The 2025 Sumatran arabica harvest will be remembered by cuppers, not by traders. Volumes are down 12% year-on-year — but the beans that made it through are among the best we've cupped in a decade.
The road to Takengon
Our field visit began at 4:30 am on a Wednesday, boarding a small propeller aircraft from Kuala Namu International to the Takengon highlands of Aceh. Takengon sits at 1,200 metres above sea level, wrapped around Lake Laut Tawar, and grows some of the finest Gayo arabica in Indonesia. The cooperatives here have supplied Nusawara since 2014.
We had come to see the effects of an unusually dry El Niño-influenced dry season that stretched from May through September. Farmers we spoke with — Pak Sabri, Ibu Rosmah, and the Kopi Gayo Mandiri collective — all reported the same pattern: fewer cherries per branch, but slower ripening, greater sugar accumulation, and remarkably clean acidity.
The tree looked stressed, but the cherry tasted like an heirloom apple. We knew this would be a special year.
— Pak Sabri, Bandar Baru Cooperative
What the numbers show
Aggregate 2025 production data from BPS Aceh points to roughly 47,000 metric tons of arabica versus 53,500 tons in 2024 — a 12.1% contraction. But quality metrics tell a different story.
- Average SCA cup score: 85.4 (vs 83.1 in 2024)
- Density: 810 g/L (vs 780 g/L in 2024)
- Defect rate at pre-export screening: 3.2% (vs 5.8% in 2024)
- Moisture at export: 11.4% (well within 12% ceiling)
For specialty roasters, this is the kind of harvest to lock in early. Prices at origin have already firmed roughly 8-14% depending on grade, and secondary buyers are entering the market late. If you're waiting for prices to drop before you commit to your 2026 program, we suggest not waiting.
Micro-lots we're watching
Three farms in particular have caught our sensory team's attention this year. The Kopi Kalosi Bajawa micro-lot from Flores (not technically Sumatran but harvested in parallel) is showing a jasmine-and-white-peach profile at natural process. The Bener Meriah wet-hulled from Central Aceh is delivering a syrupy body with cocoa nib finish that we haven't tasted since 2017.

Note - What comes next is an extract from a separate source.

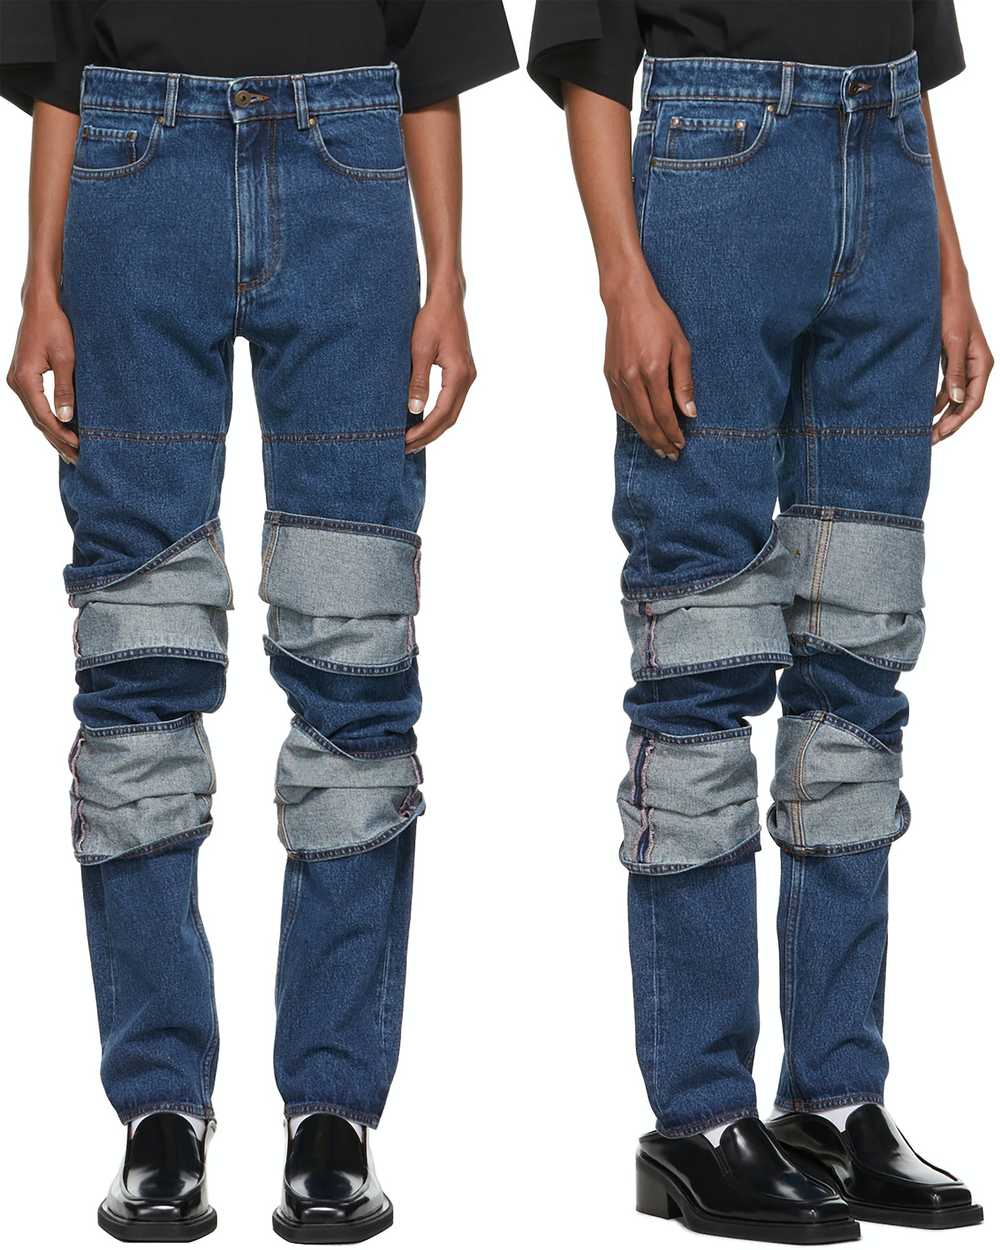 Y/Project Y/Project Multi Cuff Jeans - image 5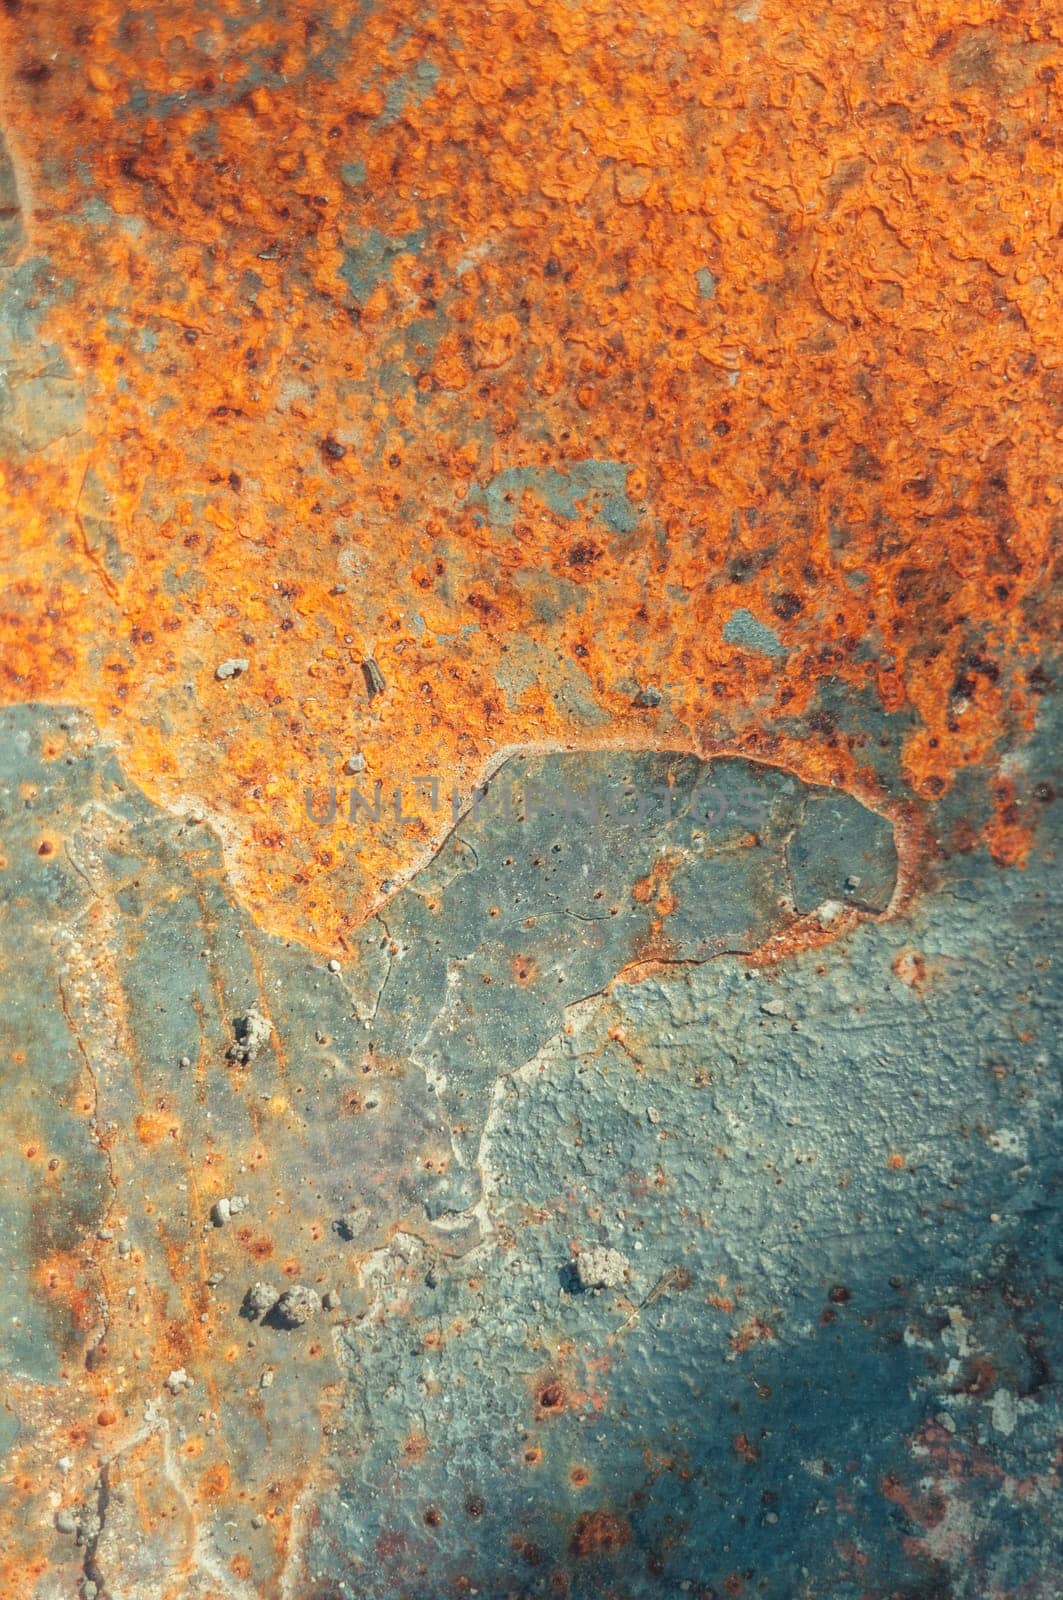 The image is of a rusty surface with a blue and orange color scheme. The surface appears to be old and worn, with a lot of rust and dirt. Scene is somewhat bleak and desolate

The third — a small experimental honey-process from a cooperative near Sidikalang — is one of the most unusual coffees to ever come out of Sumatra. We're releasing sample tins to five specialty roasters for their spring 2026 blends.
What this means for buyers
For coffee importers, three practical recommendations.
- Lock in Q1 2026 volumes now. Prices at origin will not soften. Secondary buyers entering late will pay 15–20% more.
- Consider paying for cup scores. Nusawara provides third-party SCA cupping certificates at cost — a small investment that unlocks premium retail positioning.
- Ask about direct-trade micro-lots. Even 500 kg of a well-scored micro-lot can transform a specialty roaster's brand narrative.
Field notes
The people of Aceh have been growing arabica since the 1920s. What still surprises us — after ten years of visits — is how much the farmers themselves care about the final cup. Ibu Rosmah, who has 1,400 trees at 1,350 metres, asked us to send back cupping notes from the roasters we sold her lot to. "So I know what they tasted," she said. We will.